[Opening Given information section]

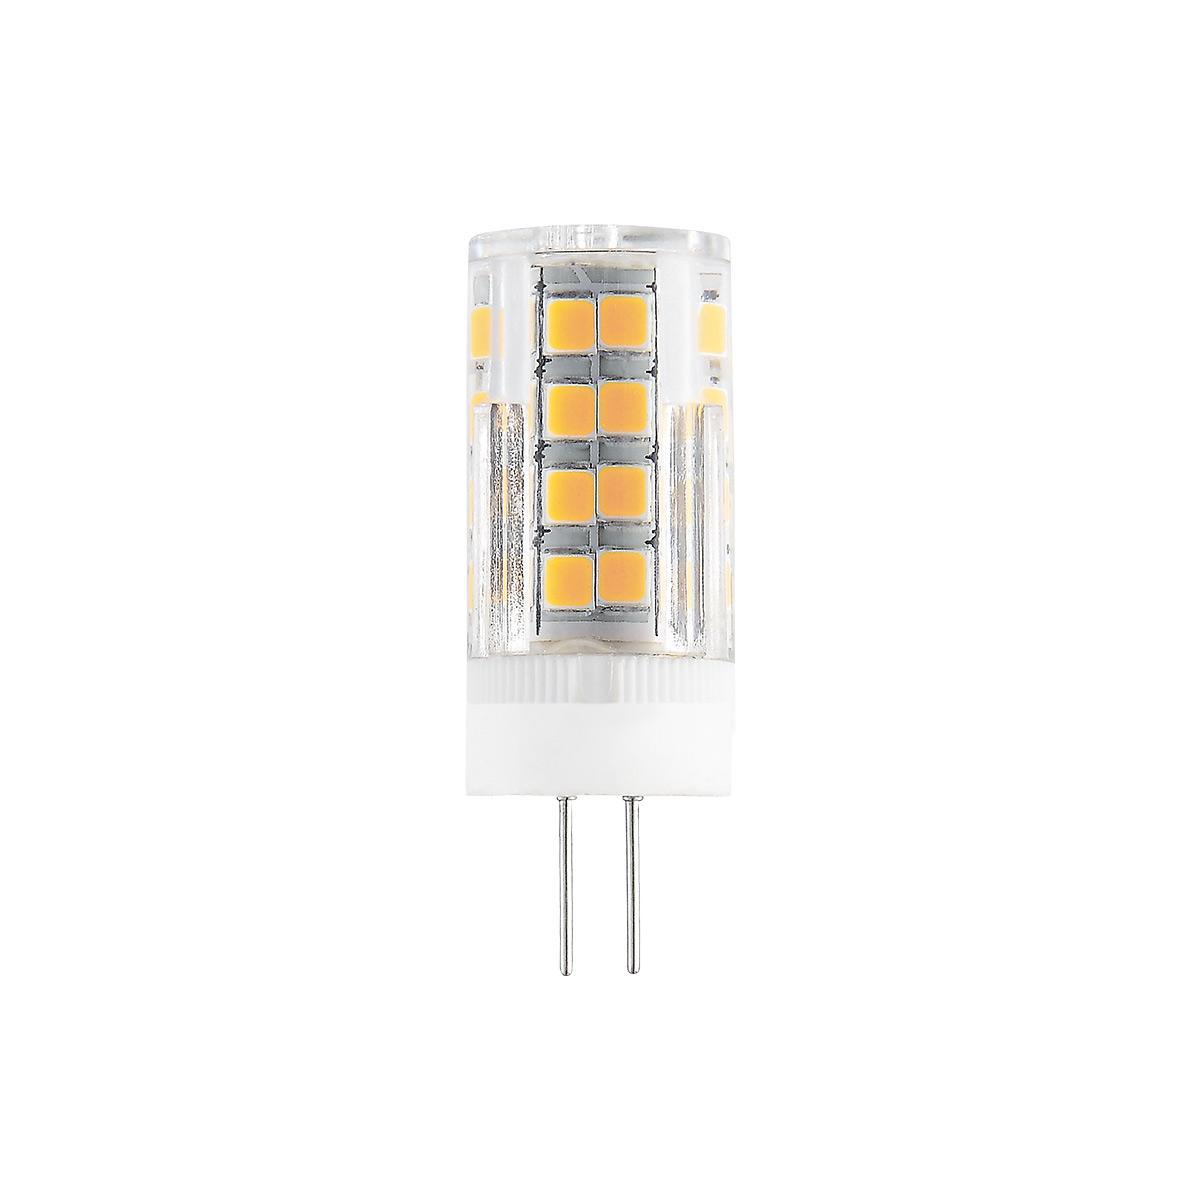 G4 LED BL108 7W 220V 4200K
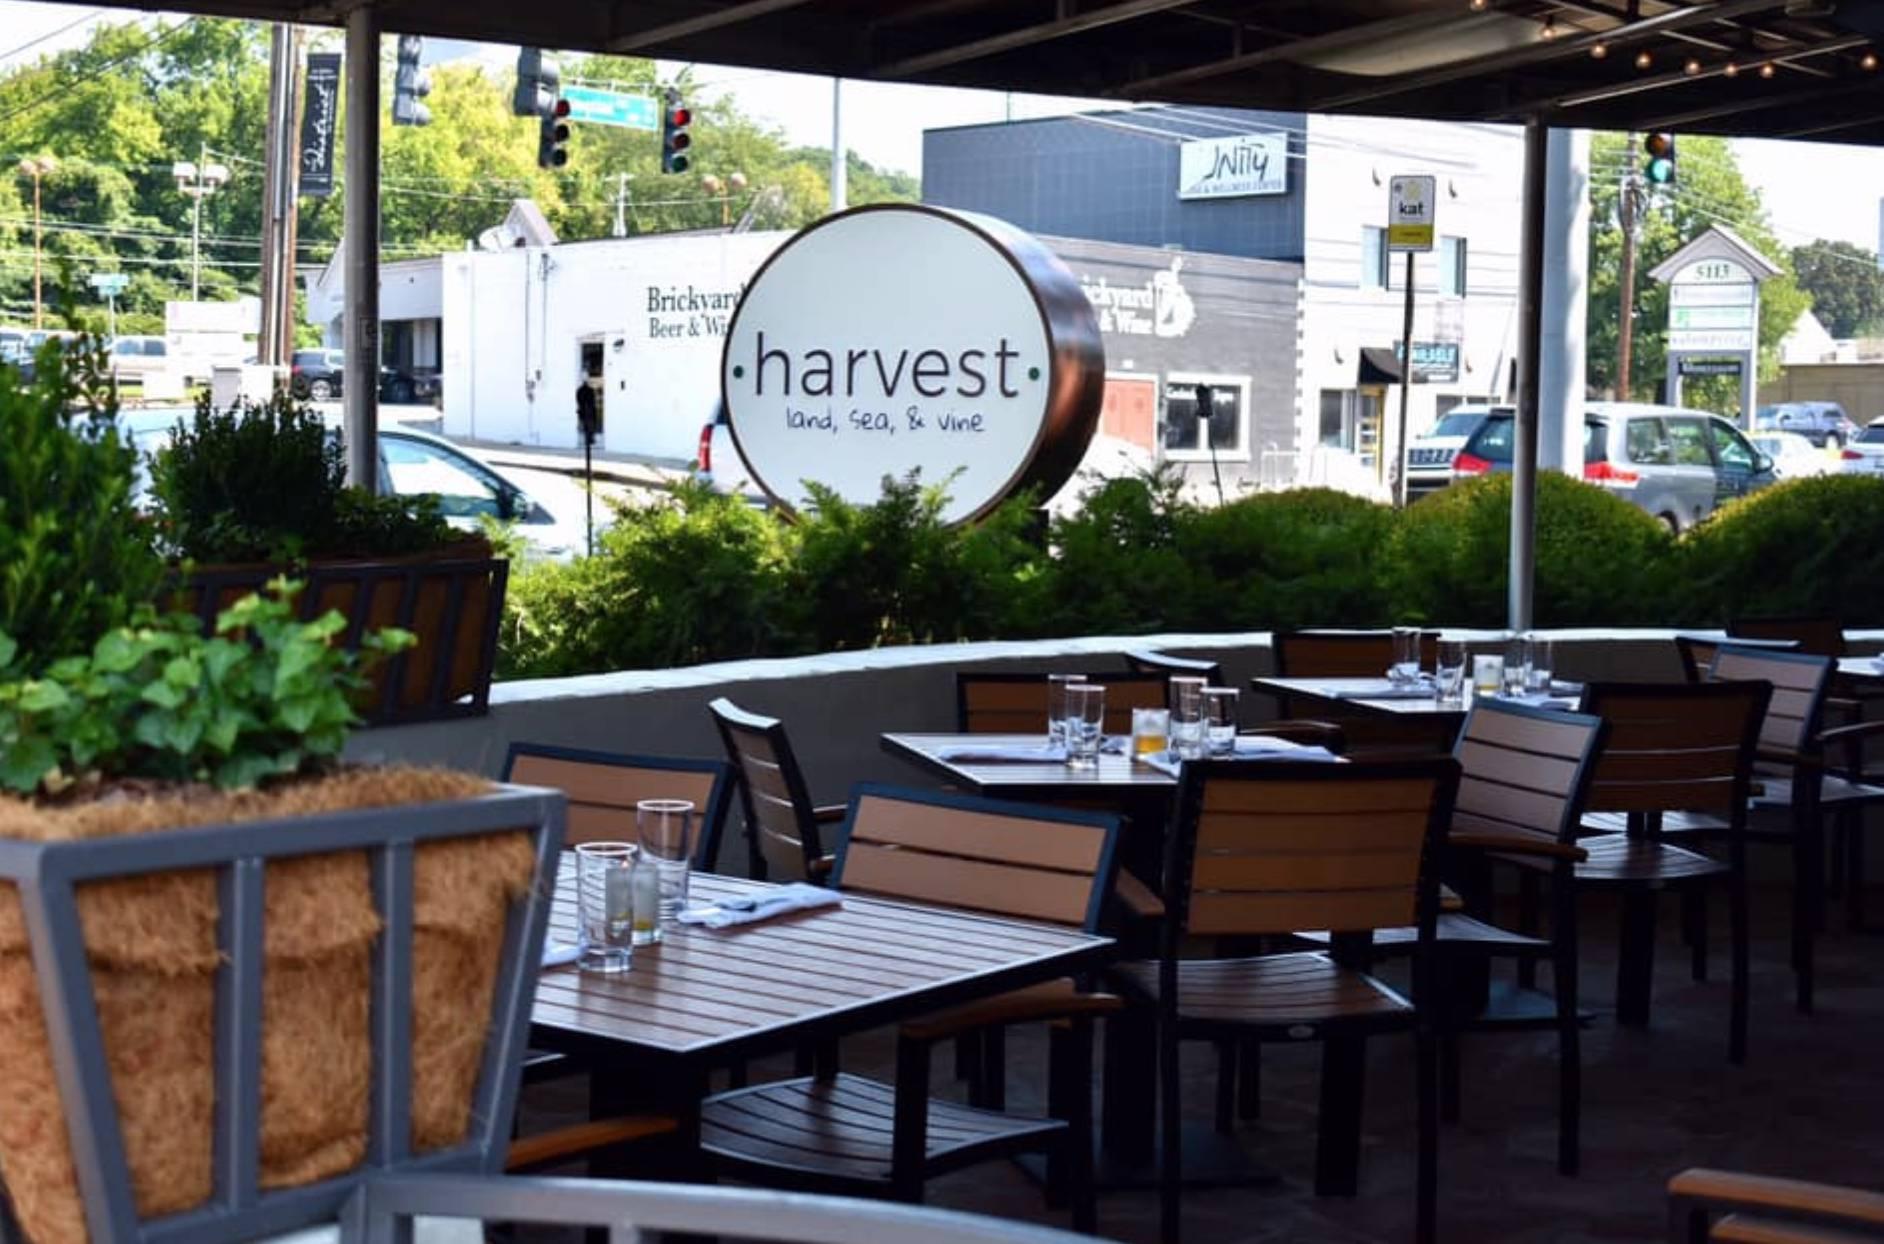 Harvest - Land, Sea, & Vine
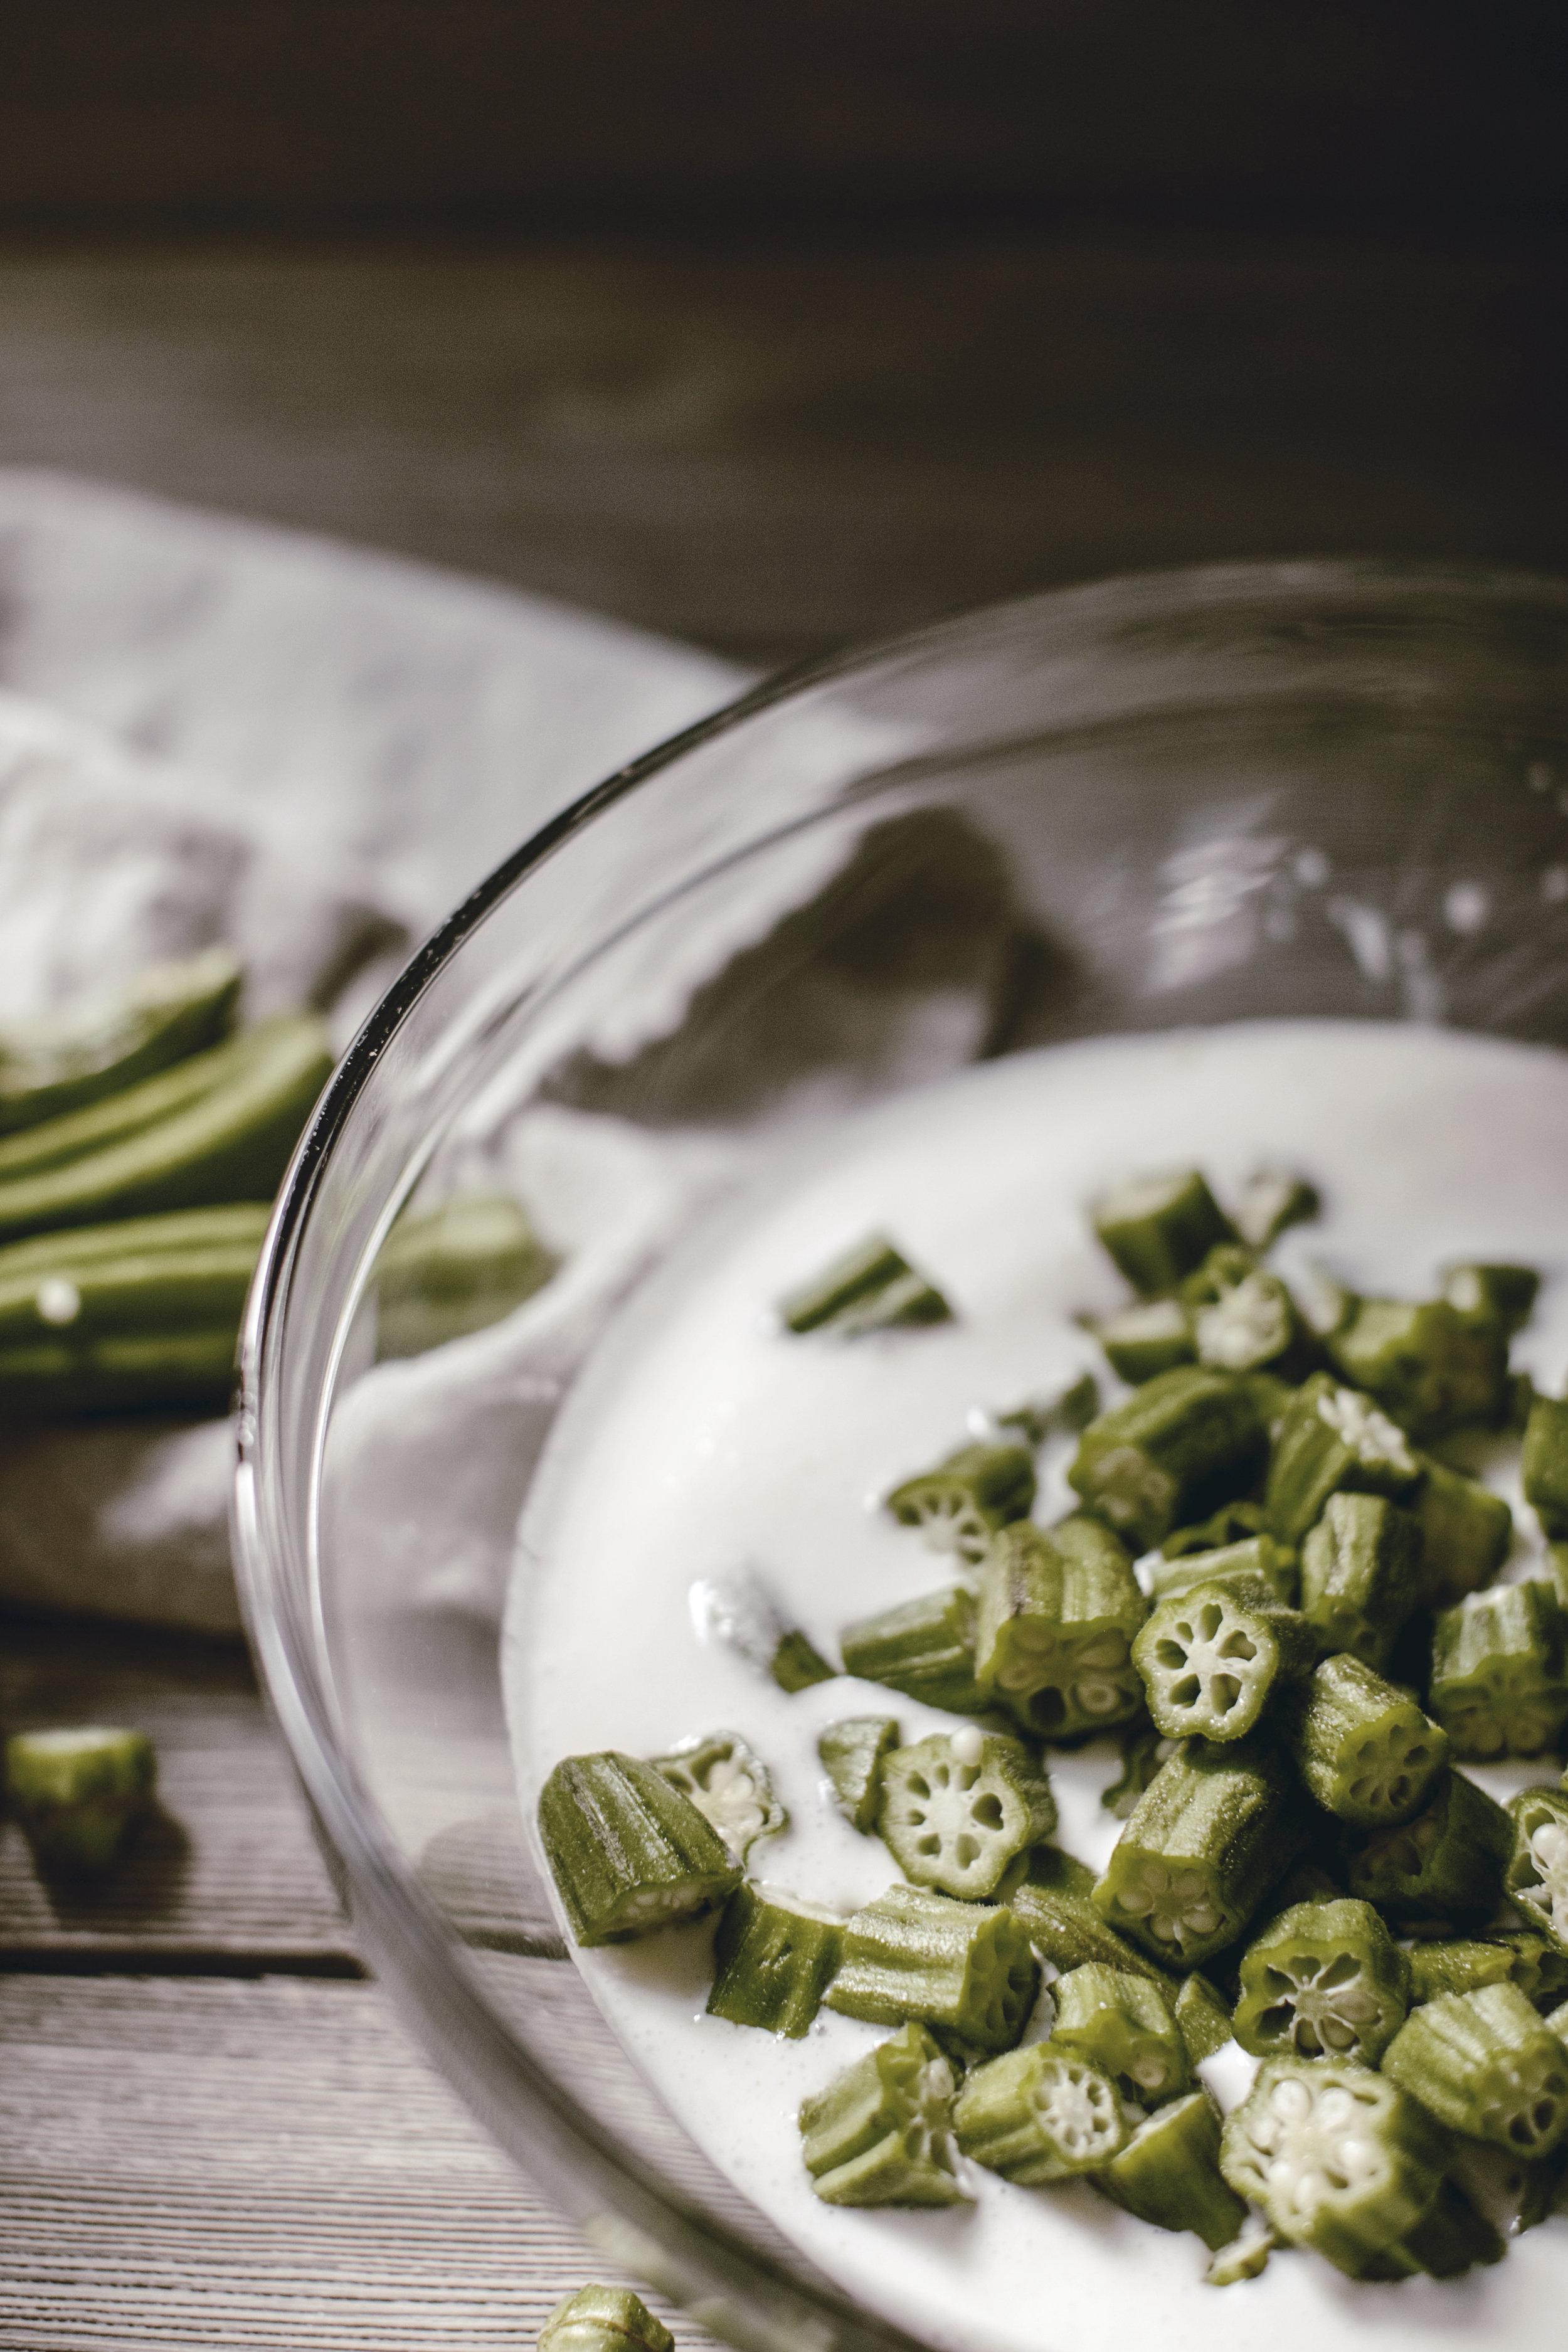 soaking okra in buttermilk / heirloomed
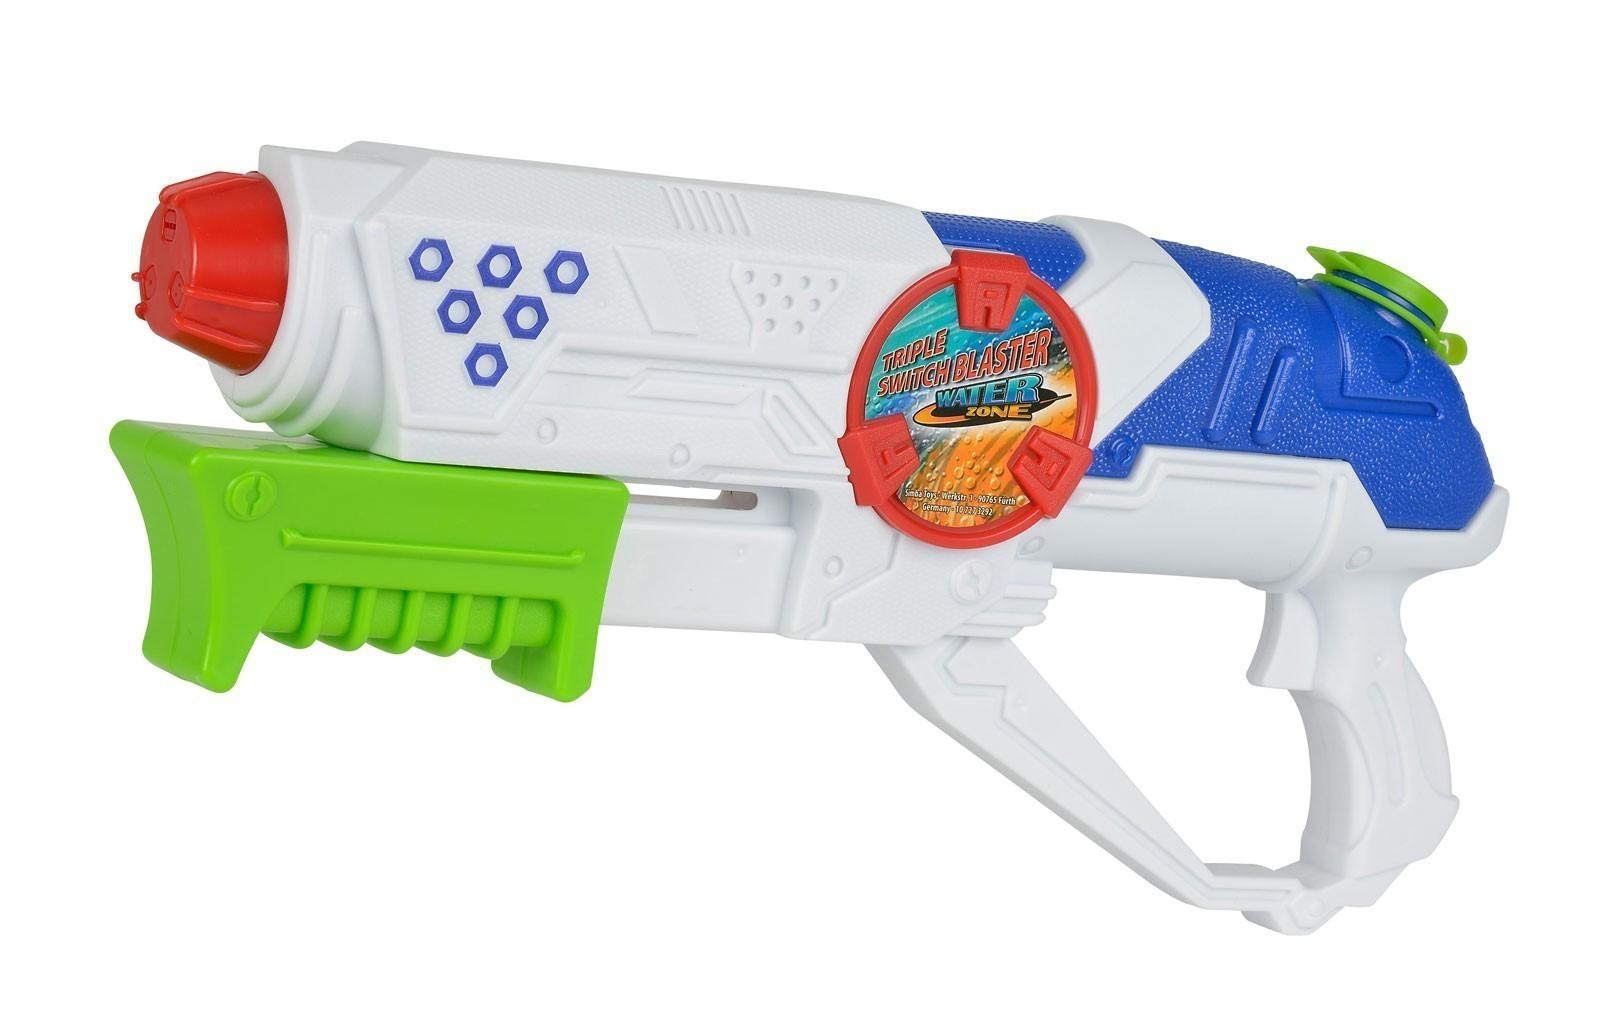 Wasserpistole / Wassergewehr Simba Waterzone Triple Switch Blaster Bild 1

[Closing Given information section]

__Directions__
Give the listing above again in its entirety and exactly; do not include the pictures.

__Result of the exercise__
 G4 LED BL108 7W 220V 4200K
 Harvest - Land, Sea, & Vine
 soaking okra in buttermilk / heirloomed
 Wasserpistole / Wassergewehr Simba Waterzone Triple Switch Blaster Bild 1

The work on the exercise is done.